It was supposed to be a nice little jaunt to the Good Luck bar for a drink or two. It’s a very rare occasion when Cathi gets the hankering to go out for drinks, so since the opportunity presented itself it was prudent of me to go grab it by the balls right?
One of the best things about where I live now is the fact that these places are within walking distance, so I broke out my gloves, iPod and all and headed down to the bar.
When I got there Catherine and Tyson were in the back room, so we sat and chilled in the corner and shot the shit. Everything was ok until this group arrives.
This Korean girl whose hair can best be described as a two-leaf clover with 10-foot high pompadours and an outfit Fergie would die for asks me quite nicely if she and her group of five could sit next to us. I politely oblige scooching closer to the corner to try and give them more room. The group of five quickly becomes a group of 10 or 12 surrounding us and forcing us deeper into the corner of the sofa. However we don’t really have a problem with that.

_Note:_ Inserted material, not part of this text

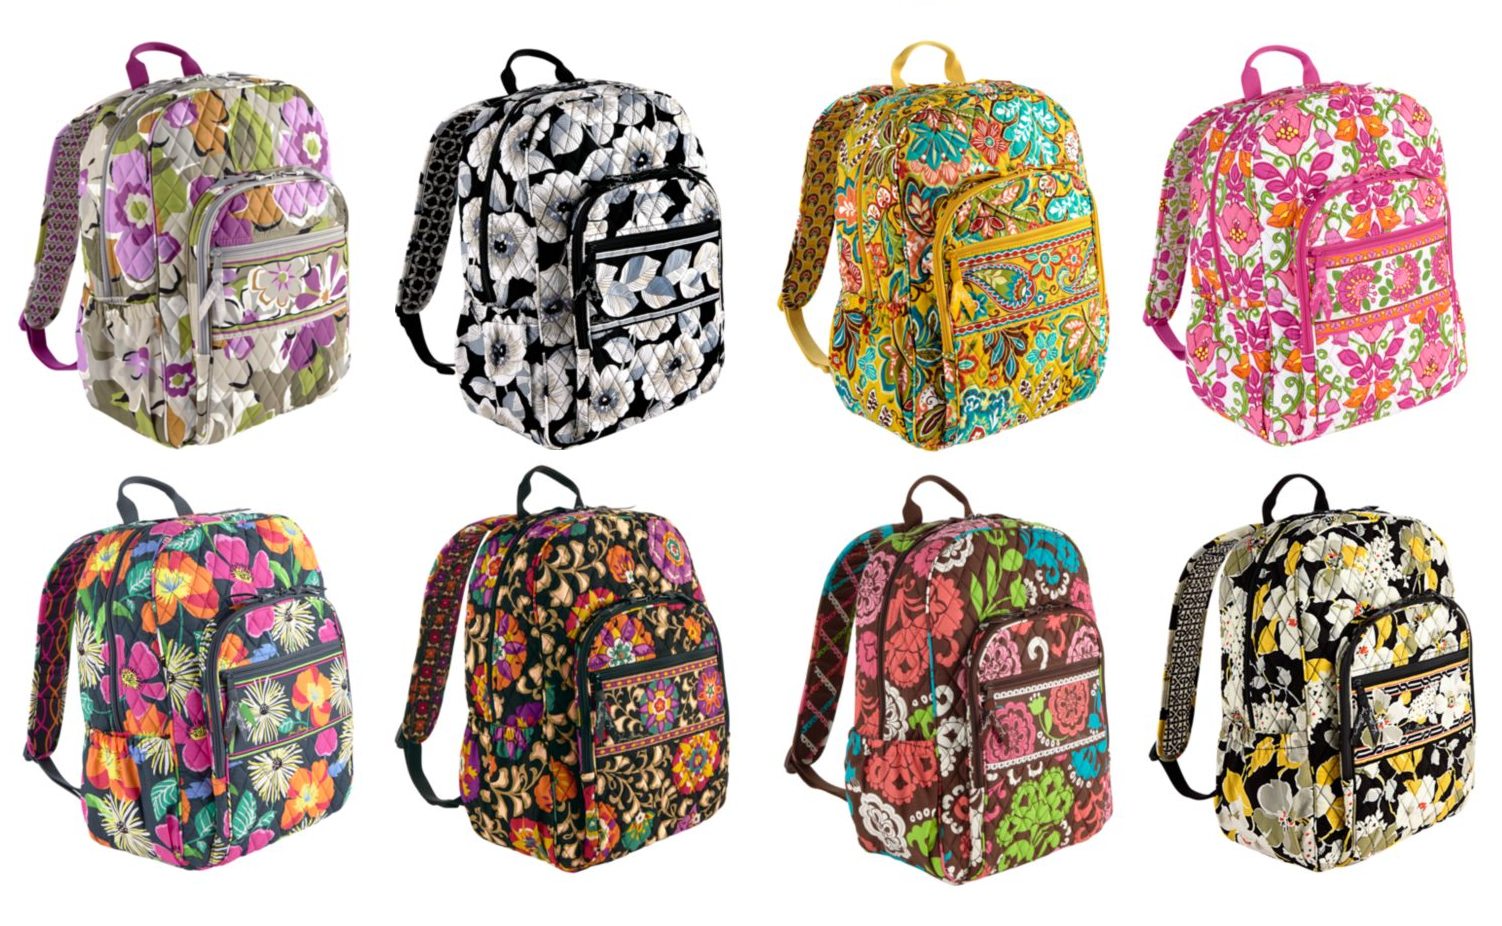 jaimeeph : Cute backpacks for school

That is until the camera comes out. Now in such a dim-lit place as the Good Luck bar, the flash of a camera can be quite harsh on the eyes. It’s much like watching those Japanese kids cartoons that induce seizures. But these out-of-towners which we surmise to be from Torrance are having a good time, and what’s the harm of a picture or two?
Then we realize that a picture or two becomes a complete documentary of their night out into the glitzy underbelly of the Eastside, their proof of accomplishment from the minutes they toiled on Yelp. Tyson asks one person in that group if they could stop the documentary since the flash is really grating. That one request then turns into a complete affront to their having fun. It’s almost as if we were the cops raiding their rave and trying to confiscate their drugs. Whatever.
As the verbal vollies started to come to an end, Ms. Geisha Pompadour lashes out, “Why don’t you guys get a life?”
Which quickly got me thinking, wait, do I have a life? Well I go to work everyday, a cog in the well-oiled capitalist machine being a willing participant in the demise of civilization. In return I get money which helps give me the illusion that I am prospering rather than rotting my soul. I have friends, and we enjoy each other’s company (I assume) which helps buffer the rotting a bit. I do go out to bars every now and again to give the illusion that I am still in the part of my life where I’m wild and willing to take a ravenous bite out of culture.
But hold on a minute. They’re the ones coming to a neighborhood bar thrusting their presence upon everyone in the bar while taking pictures every second as if their presence needs to be confirmed. One picture missed is yet another denial of their life. So in the end is it really us who needs a life?
I mean granted my life isn’t all glitz and glamor. There’s the paying the bills, making sure I have enough money in my bank account to pay bills and all of that rot. But at least I’m not going into a Torrance bar with my group of friends and taking pictures incessantly. I’ll leave that to Sir David Attenborough.
In the end, after they left our area and continued to document their night, we still had an enjoyable time.